The boys’ well-to-do parents (the father is director of the Deutsche Bank) use all their influence to portray the accused as a sexually depraved criminal, a danger to society. The court has its own views and sentences Dippold to eight years’ imprisonment. Court observers and the general public are outraged by the apparently lenient sentence. The trial and its outcome spark a lively debate in the German press, with well-known writers and journalists joining the fray.

Michael Hagner tells the story of the tutor, the boys and their parents leading up to the trial, drawing on contemporary sources and the court proceedings. He then analyses the legal, medical and media practices of the time, which construed the complex events as a model »case« only partly based on the facts.
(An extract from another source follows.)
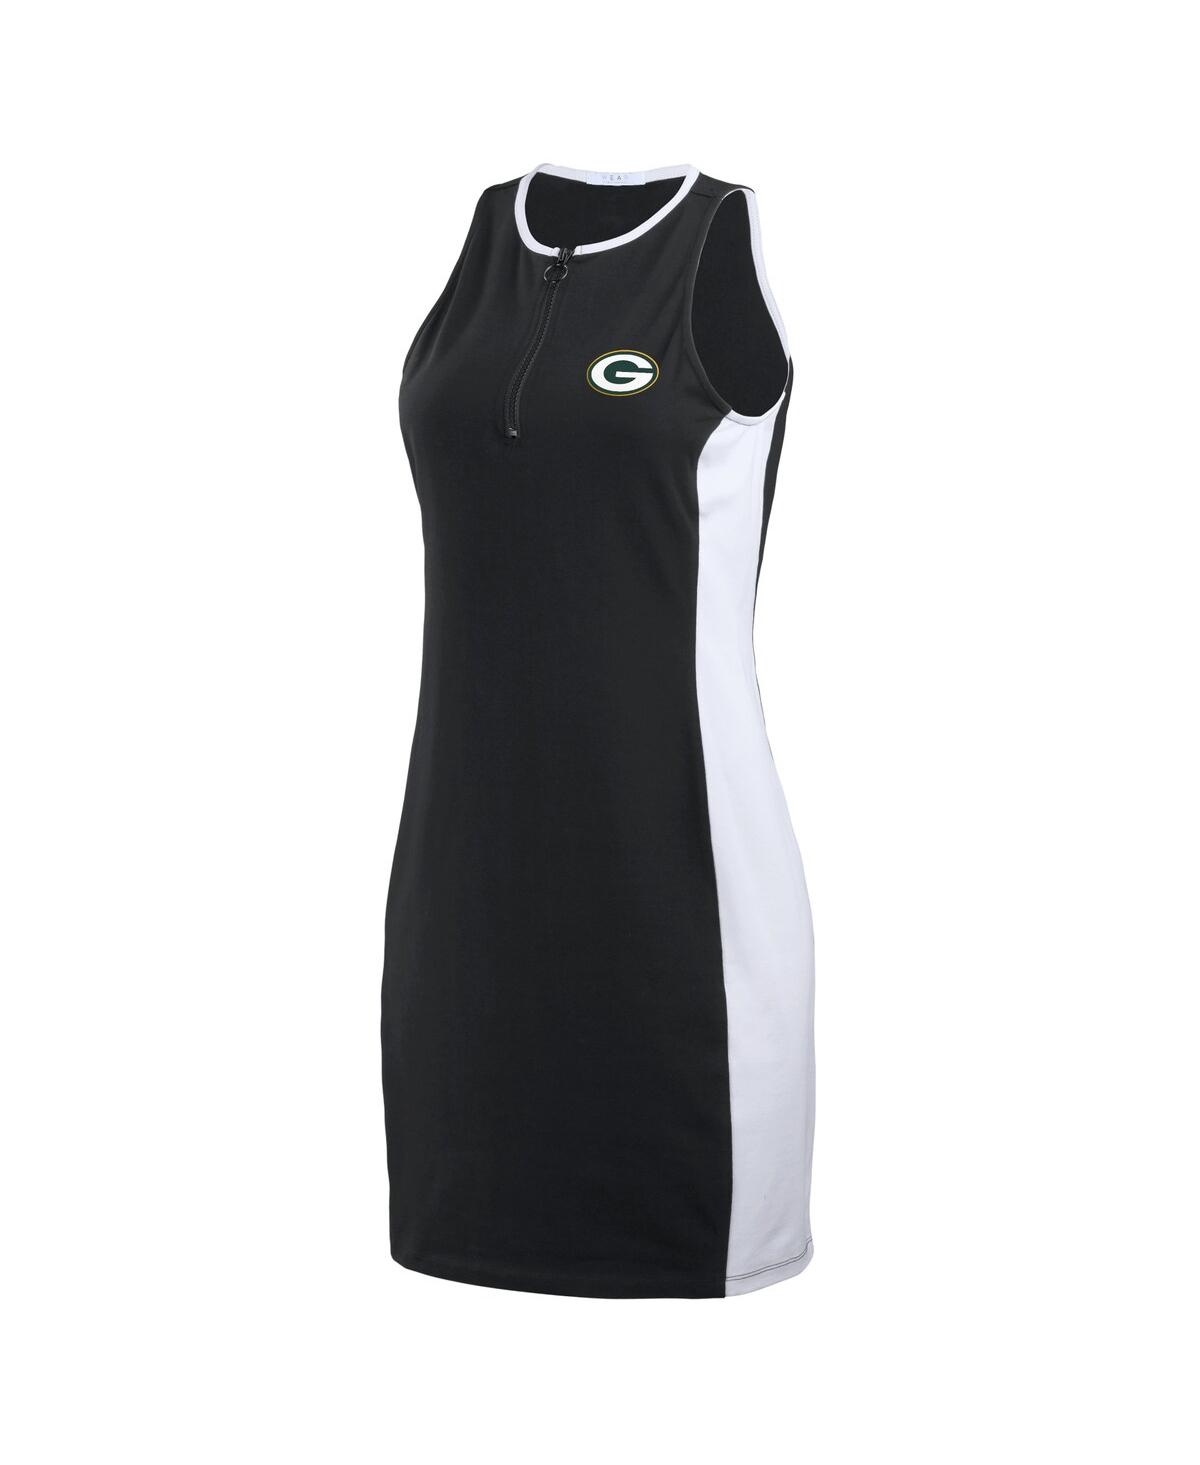 Shop Wear By Erin Andrews Women's  Black Green Bay Packers Bodyframing Tank Dress

The scandal was hotly debated in pedagogy, criminology, psychiatry and the sexual sciences, and eventually the term »dippoldism« entered the textbooks as a classic example of educatory sadism.

In a style that confidently bridges the gap between storytelling and academic writing, Hagner paints a disturbing picture of the rigidity of child-rearing at the time; of educated Germans’ attitudes to pedagogy and education, sexuality and punishment, normality and perversion; and not least of the human sciences, which played a more obfuscating than enlightening role in the whole affair. A shocking and uncomfortable story. A history lesson that still resonates today.